The only way you're going to keep things "transparent" to the code being monitored is to make the monitoring code robust in the face of state changes.
Some suggestions
Don't walk a shared list - make a copy of the list into a local List instance as soon (and as fast) as you can. Once you have a local (non-shared) list of instances, noone can monkey with the list.
Make things as robust as you can - putting every read into a try/catch might feel nasty, but you'll probably need to do it.
Option number 3 may feel ugly, but this looks to be similar to the approach the Visual Studio watch windows use, and I would choose that approach.
In Visual Studio, you can often set a watch on some list or collection and at a later point notice the watch simply displays an exception when it can't evaluate a certain value due to user or code state changes.
This is the most robust approach when dealing with such an open ended range of possibilities. The fact is, if your watching code is designed to support as many scenarios as possible you will not be able to think of all situations in advance. Handling and presenting exceptions nicely is the next best approach.
By the way, someone else mentioned that locking your data structures will work. This is not true if the "other code" is not also using locks for synchronization. In fact both pieces of code must lock the same synchronization object, very unlikely if you don't control the other code. (I think you mention this in your question, so I agree.)
While I like Bevan's idea of copying the list for local read access, if the list is particularly large, that may not be a truly viable option.

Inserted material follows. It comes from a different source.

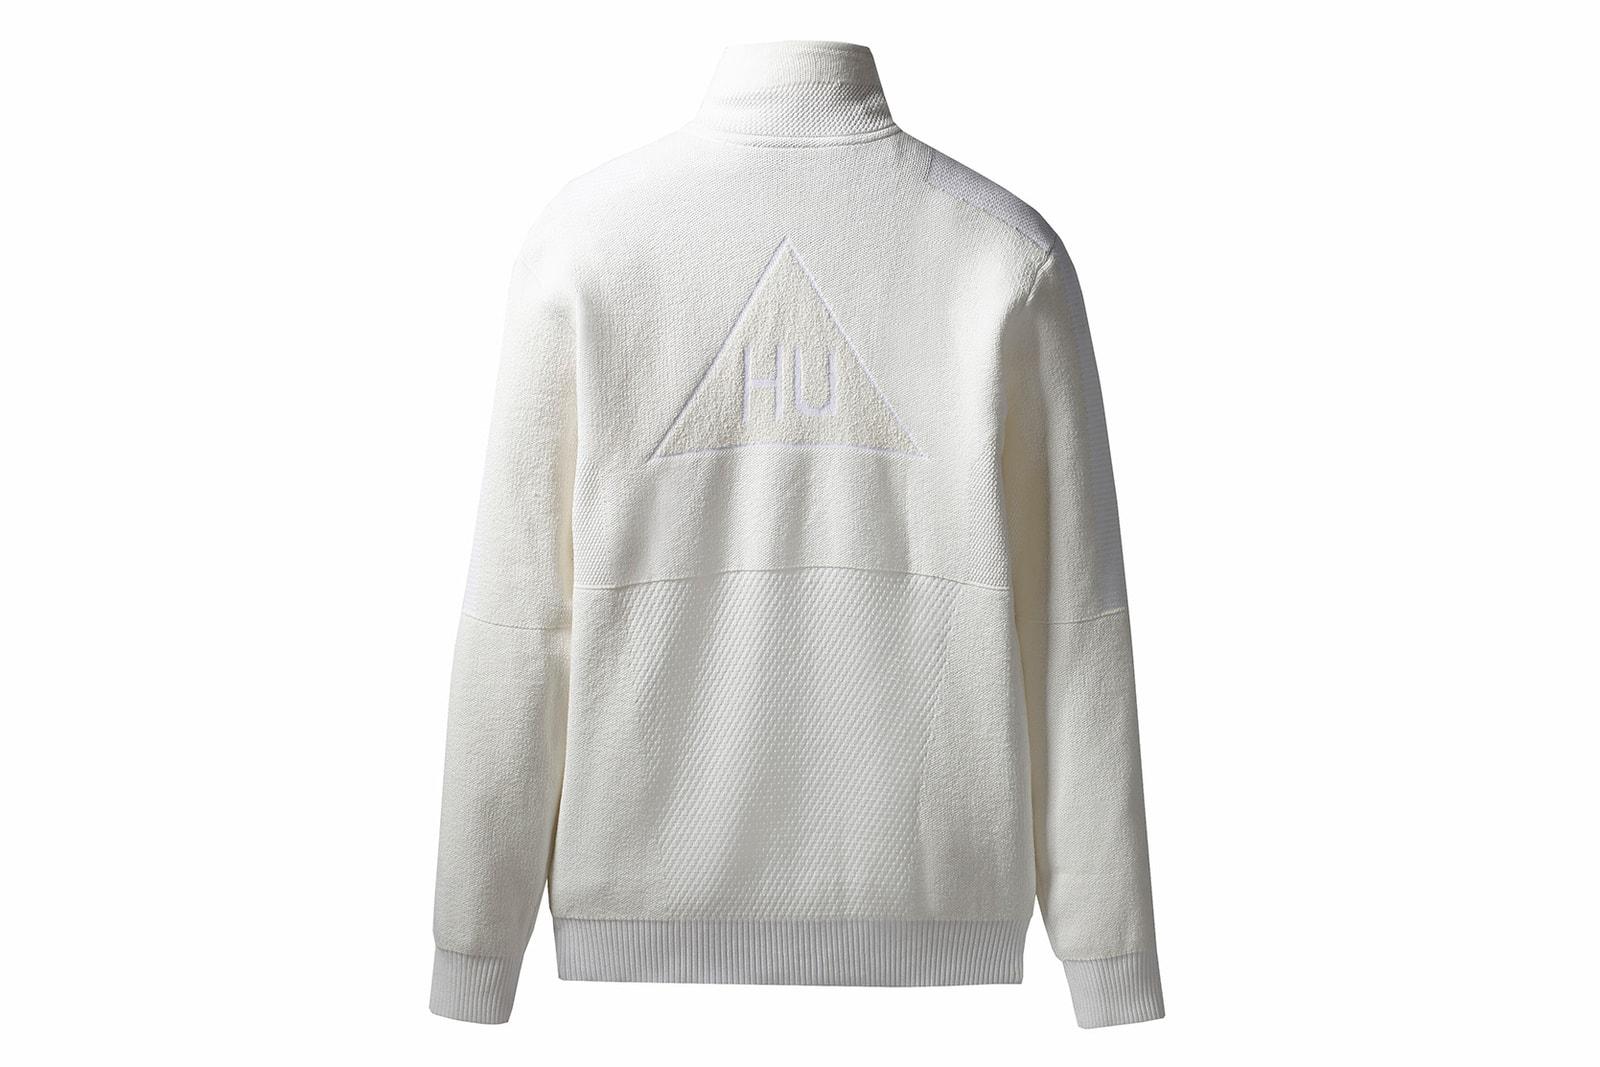 Supreme Spring/Summer 2018 Drop 1 Second Release Info Aimé Leon Dore ALYX Pharrell adidas originals moncler craig green mackintosh patta neighborhood

If you really need seamless, transparent, concurrent access to these lists, you should look into the Parallel Extensions for .NET library. It is currently available for .NET 2.0 through 3.5 as a CTP. The extensions will be officially included in .NET 4.0 along with some additional collections. I think you would be interested in the BlockingCollection from the CTP, which would give you that transparent concurrent access you need. There is obviously a performance hit as with any threaded stuff that involves synchronization, however these collections are fairly well optimized.
As I understand, you don't want to have ANY dependency/requirement on the code being watched or enforce any constrains on how the code is written.
Although this is my favourite approach to code a "watcher", this causes you application to face a very broad range of code and behaviours, which can cause it to crash.
So, as said before me, my advice is to make the watcher "robust" in the first step. You should be prepared for anything going wrong anywhere in your code, because considering the "transparency", many things can potentially go wrong! (Be careful where to put your try/catch, entering and leaving the try block many times can have a visible performance impact)
When you're done making your code robust, next steps would be making it more usable and dodging the situations that can cause exceptions, like the "list" thing you mentioned. For example, you can check the watched object and see if it's a list, and it's not too long, first make a quick copy of it and then do the rest. This way you eliminate a large amount of the probability that can make your code throw.
Locking the list will work, because it is being modified, as you've observed via the crashing :)
Seems to me, though, that I'd avoid locking (because it seems that your thread is only the 'watcher' and shouldn't really interrupt).
On this basis, I would just try and handle the cases where you determine missing things. Is this not possible?